Given a broken function

isAscii :: Char -> Bool
-- broken implementation: erroneously classifies '\128' and '\1114111' as ASCII
isAscii c = c <= '\128' || c >= maxBound

and a property

nonAscii :: MonadGen m => m Char
nonAscii = enum '\128' maxBound

prop_isAscii_returns_False_for_non_ascii_characters :: PropertyT IO ()
prop_isAscii_returns_False_for_non_ascii_characters = do
  c <- forAll nonAscii
  isAscii c === False

it is unlikely that Hedgehog will find a counterexample:

ghci> check $ withTests 100_000 $ property prop
  ✓ <interactive> passed 100000 tests.

Possible solution

The definition of enum uses Range.constant.

Changing this to Range.exponential will make Hedgehog discover counterexamples close to the lower bound.

enum'exponential :: (MonadGen m, Enum a) => a -> a -> m a
enum'exponential lo hi =
  fmap toEnum . Gen.integral $
    Range.exponential (fromEnum lo) (fromEnum hi)

However, this will make it even more unlikely to discover a counterexample close to the upper bound.

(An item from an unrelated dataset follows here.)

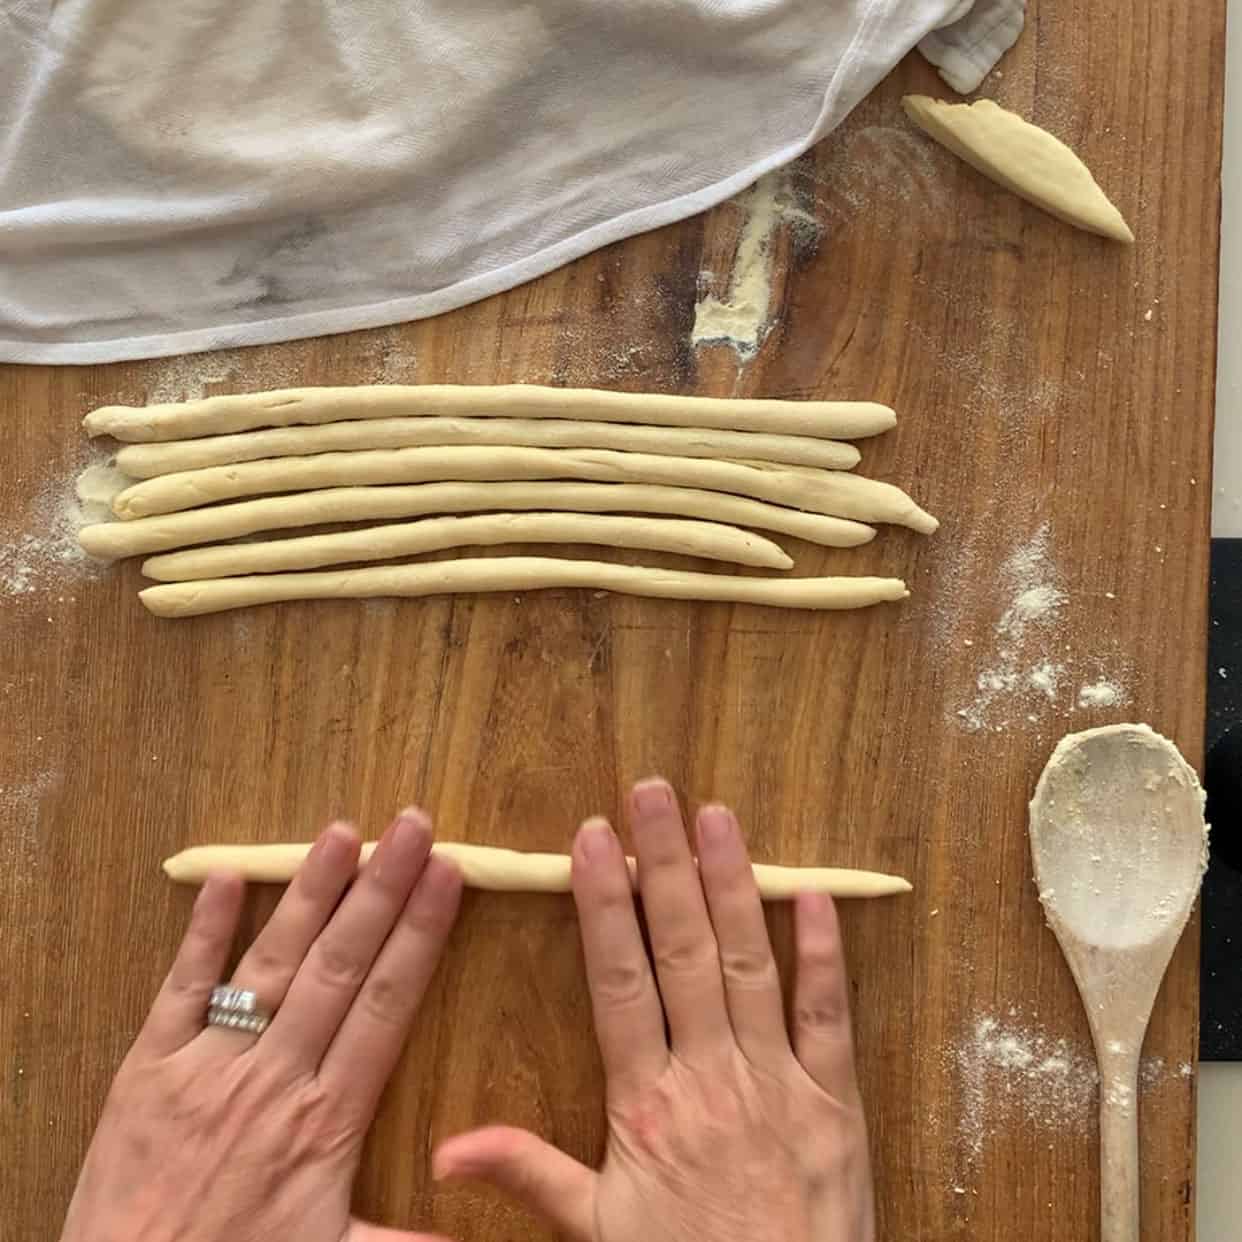 rolling dough into long ropes on wooden board

The easiest thing I could think of is

enum'better :: (MonadGen m, Enum a) => a -> a -> m a
enum'better lo hi = Gen.choice [
    enum'exponential lo hi
  , enum'exponential hi lo
  ]

which will discover counterexamples both close to the upper / lower bound, albeit with altered shrinking behavior.

Any thoughts?

Thank you for reporting this! Good catch 🎯 🦔

IIRC, at the time enum was added, exponential range wasn't there yet.

enum'exponential hi lo

Hm, I haven't looked in depth but I think this might rely on unspecified behavior. It'll ultimately call randomR, and I don't see anything in between that causes the bounds to be swapped. (Maybe Range.bounds should take care of that?)

Minor suggestions:

  • I'd add a third choice retaining the original behavior. Then elements in the middle are still 1/3 as likely to get picked as now, rather than only getting generated when the size is sufficiently large (which I think would be the case with just the exponentials).
  • If the shrinking is a problem, it would be easy to use a variant of choice that doesn't shrink to a different list element (it would be defined using integral_ instead of integral to select the index).